Rather than solely seeking to provide an alternative or improvement to bevacizumab, investigation of ziv-aflibercept in settings where bevacizumab has yet to show a benefit may prove fruitful. These include upfront therapy with a combination of either FOLFIRI or FOLFOX, adjuvant therapy in earlier-stage CRC,⁸⁹ and following liver metastectomy.^90,91 Of patients with only liver metastases in VELOUR, a subgroup analysis of these patients revealed a significant improvement in OS and PFS, when compared to the remainder of the study population (HR 0.649 versus 0.868). Review of ongoing national clinical trials reveals active trials exploring some of these questions (Table 3).

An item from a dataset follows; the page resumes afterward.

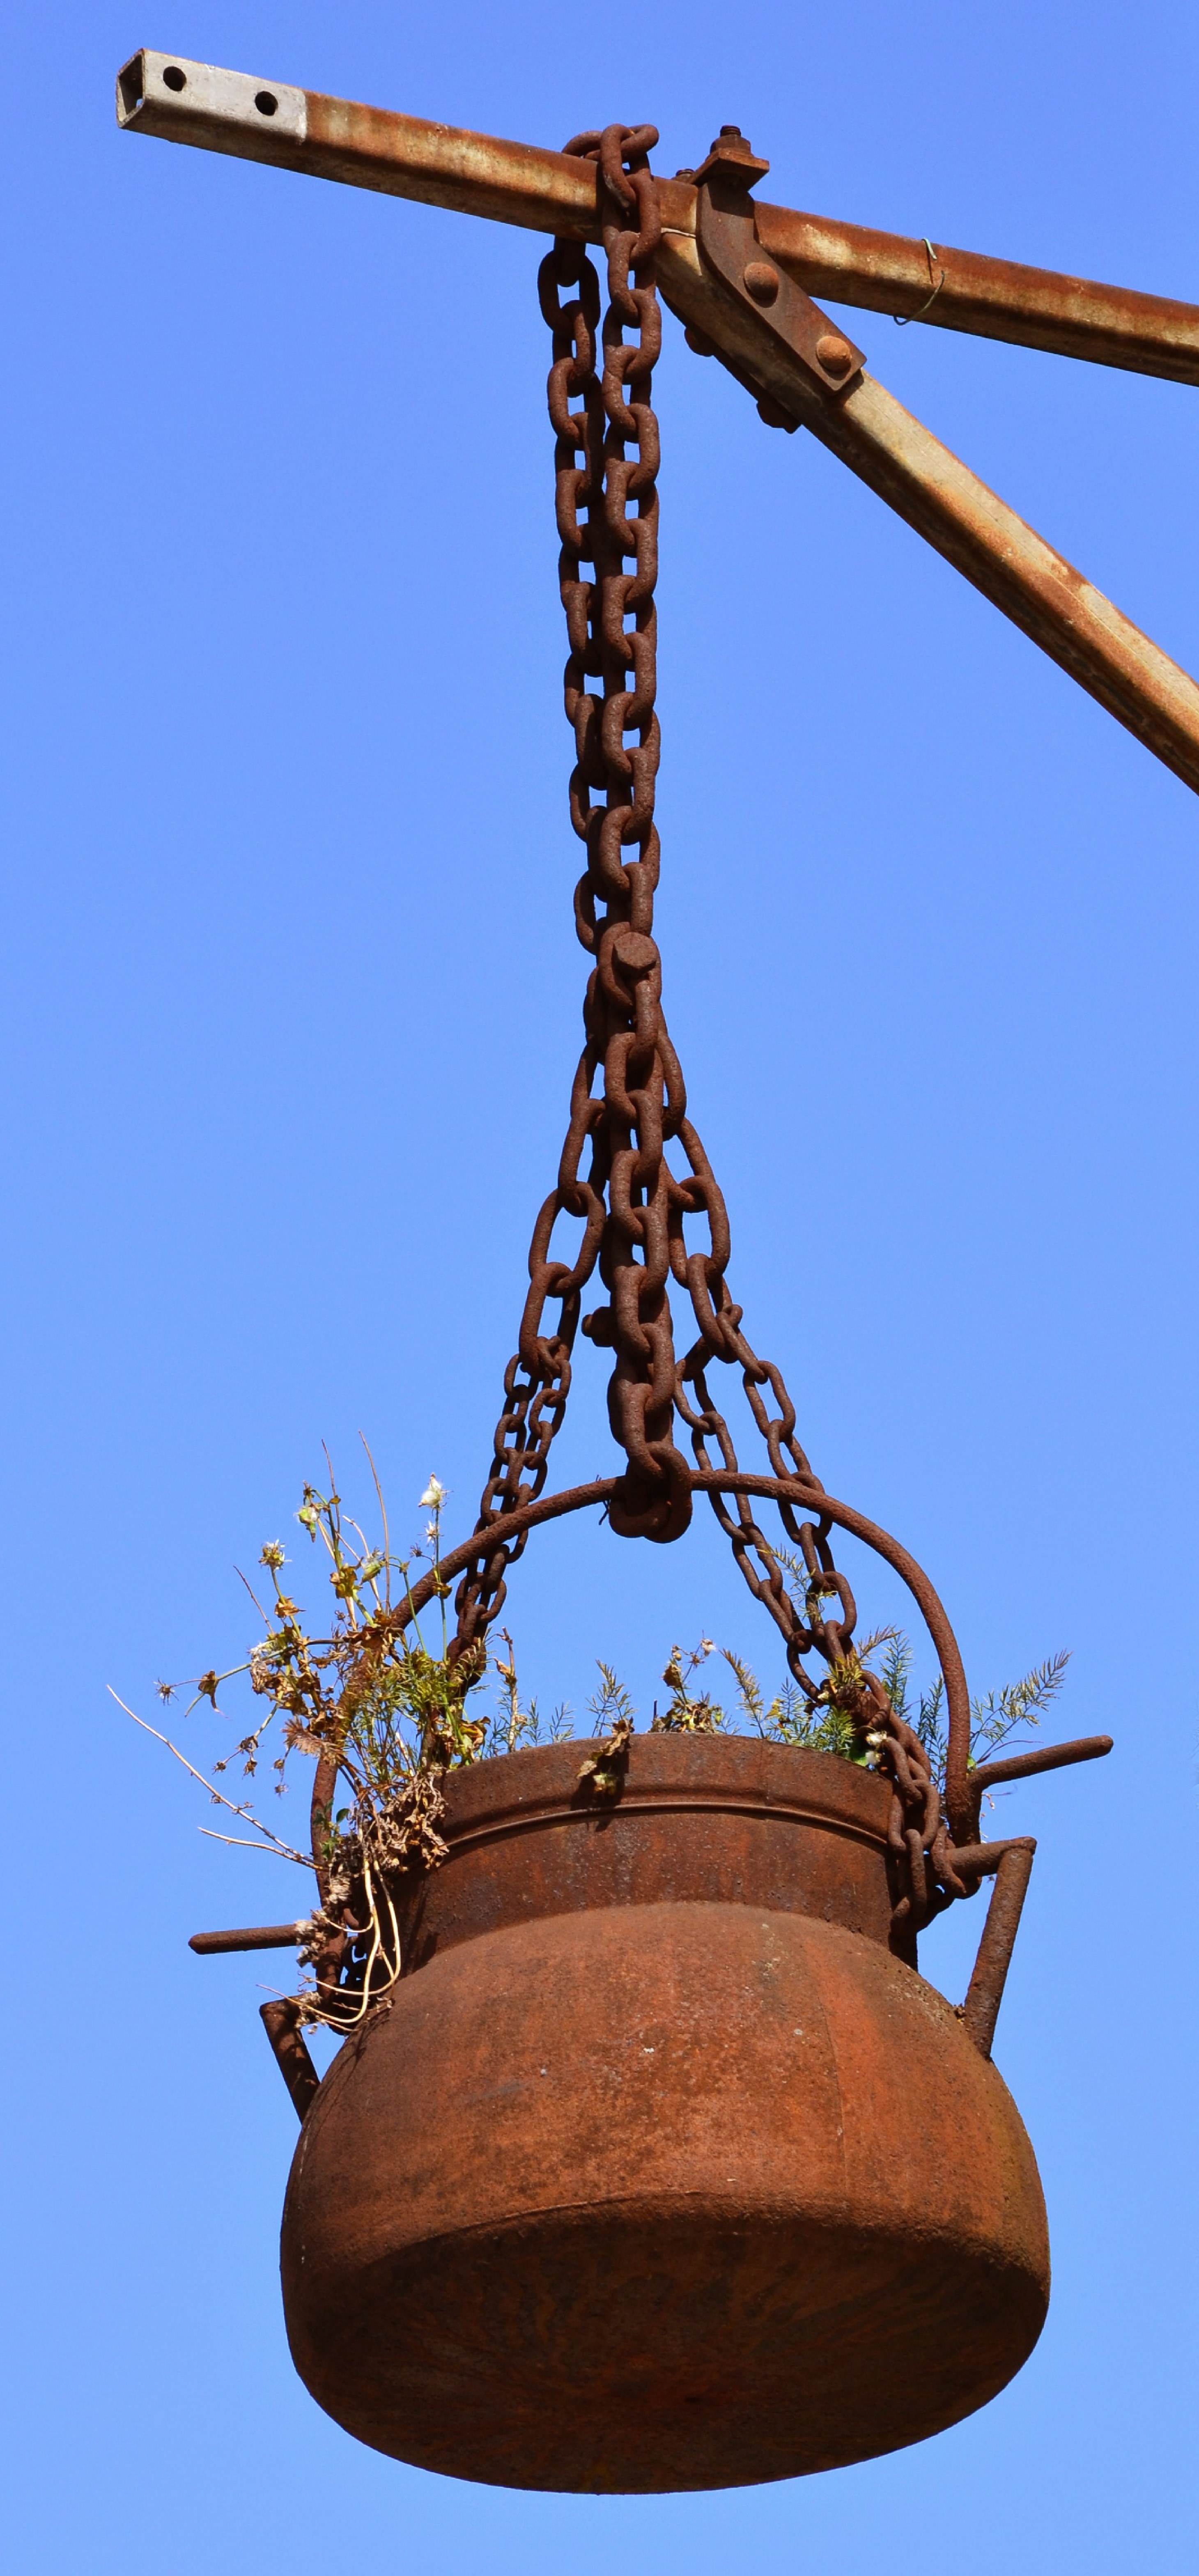 brown metal pot hanging on post with chains under blue sky during daytime

Table 3 Selected approved and active trials of ziv-aflibercept in colorectal cancer

NCT number	Trial name	Phase
NCT01571284	Safety and quality of life study of aflibercept in patients with metastatic colorectal cancer previously treated with an oxaliplatin-based regimen	III
NCT01646554	Efficacy of FOLFOX Versus FOLFOX plus aflibercept in K-ras mutant patients with resectable liver metastases (BOS3)	II/III
NCT01652196	Aflibercept and FOLFOX6 treatment for previously untreated stage IV colorectal cancer	II
NCT01661270	A study of aflibercept versus placebo with FOLFIRI in patients with metastatic colorectal cancer previously treated with an oxaliplatin chemotherapy (AFLAME)	III
NCT01661972	Phase I/II study of capecitabine plus aflibercept to treat metastatic colorectal cancer (X-TRAP)	I/II
NCT01669720	Adjuvant aflibercept for metastatic colorectal cancer	II
NCT01802684	OPTIMOX-aflibercept as first-line therapy in patients with unresectable metastatic colorectal cancer (VELVET)	II
NCT01882868	A study of aflibercept in combination with FOLFIRI in patients with second-line metastatic colorectal cancer in Japan	II
NCT01889680	Safety and effectiveness study of chemotherapy and ziv-aflibercept to treat metastatic colorectal cancer	II

Abbreviations: FOLFIRI, 5-fluorouracil, leucovorin, and irinotecan; FOLFOX4, 5-fluorouracil, leucovorin, and oxaliplatin; NCT, National Clinical Trials.

Conclusion

The addition of anti-angiogenic agents has provided a significant, if limited, improvement in the treatment of mCRC. Ziv-aflibercept was approved for use in combination with FOLFIRI after demonstrating a survival benefit in patients that had progressed after an oxaliplatin-containing regimen. These results are important both in supplying another option in the treatment of mCRC and for validating another mechanism of blockade in tumor angiogenesis. In practice, however, the clinic application of ziv-aflibercept amongst other antiangiogenic agents has yet to be clarified. Predictive biomarkers are needed to help identify patients best suited for treatment with ziv-aflibercept. Research into the mechanisms of antiangiogenic research may also help guide the selection of ziv-aflibercept and the timing of its use.

Disclosure

The authors report no conflicts of interest in this work.